Le salarié peut cependant contester cette proposition en saisissant la justice.
Enfin, il convient de souligner qu’en cas d’accord ou de refus non contesté, le salarié ne pourra demander une nouvelle diminution de son temps de travail qu’après l’écoulement d’un délai de 2 ans.

3) Les dimanches et jours fériés

La AZG (Arbeitszeitgesetz) interdit que les salariés soient employés le dimanche et les jours fériés de 0 à 24 heures.
En cas de travail posté, l’heure de début du dimanche ou du jour férié peut être avancée ou reculée de 6 heures, à condition qu’un repos effectif de 24 heures s’en suive.
Les chauffeurs routiers et leurs passagers peuvent avancer cet horaire de 2 heures dans les mêmes conditions que le travail posté.

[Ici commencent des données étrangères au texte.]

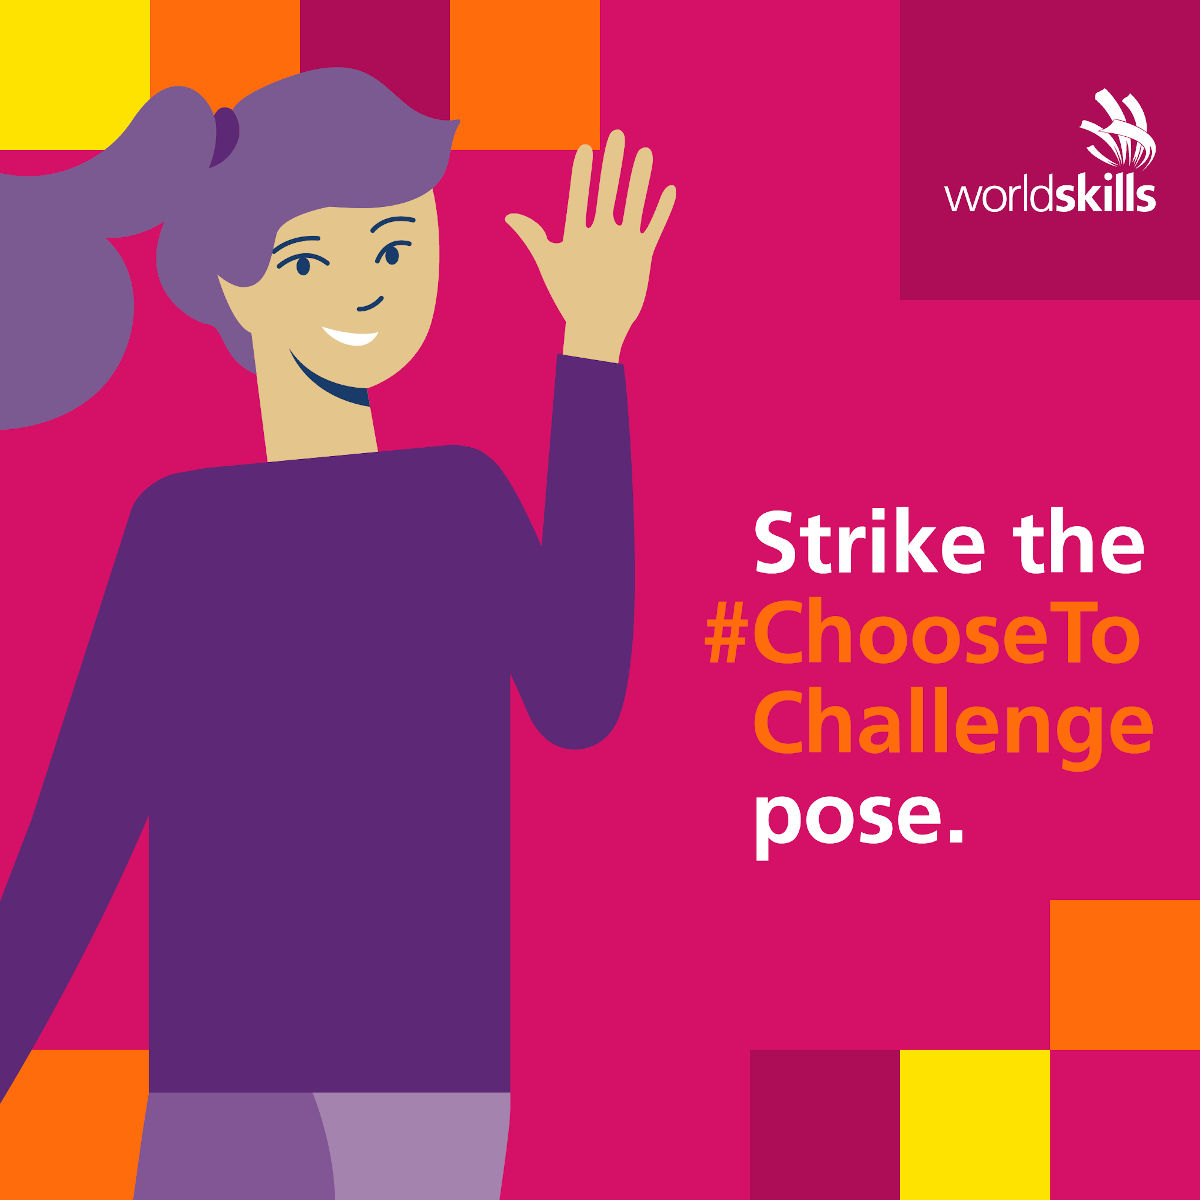 A promotional image for WorldSkills content theme in March 2021 - #ChooseToChallenge, which celebrated women in skills

La AZG prévoit des dérogations en fonction des professions ; il s’agit bien entendu des professions vitales comme les services médicaux, les services de police, les pompiers mais également de professions autres comme par exemple l’hôtellerie, la restauration ou le transport de personnes.

Néanmoins il est tout à fait possible pour une convention collective ou un accord d’entreprises de déroger à ce repos dominical ou afférent aux jours fériés.
Les Aufsichtsbehörde ( autorités de surveillance) peuvent également homologuer des dérogations.

Pour ce qui concerne les jours fériés, il faut rappeler que le nombre de jours fériés exact dépend des différents Länder ( les états fédérés)
Le Saarland a 12 jours fériés contre 11 pour le Rhénanie- Palatinat. Le Bade Wurtemberg lui en compte 12 également.
La différence est en général due à la religion dominante du Land, ce qui fait que dans les Länder avec une forte population catholique, l’Assomption est également un jour férié. C’est le cas dans le Saarland.

En définitive, et malgré l’Union Européenne, force est de constater que de très nombreuses disparités existent dans le monde du travail.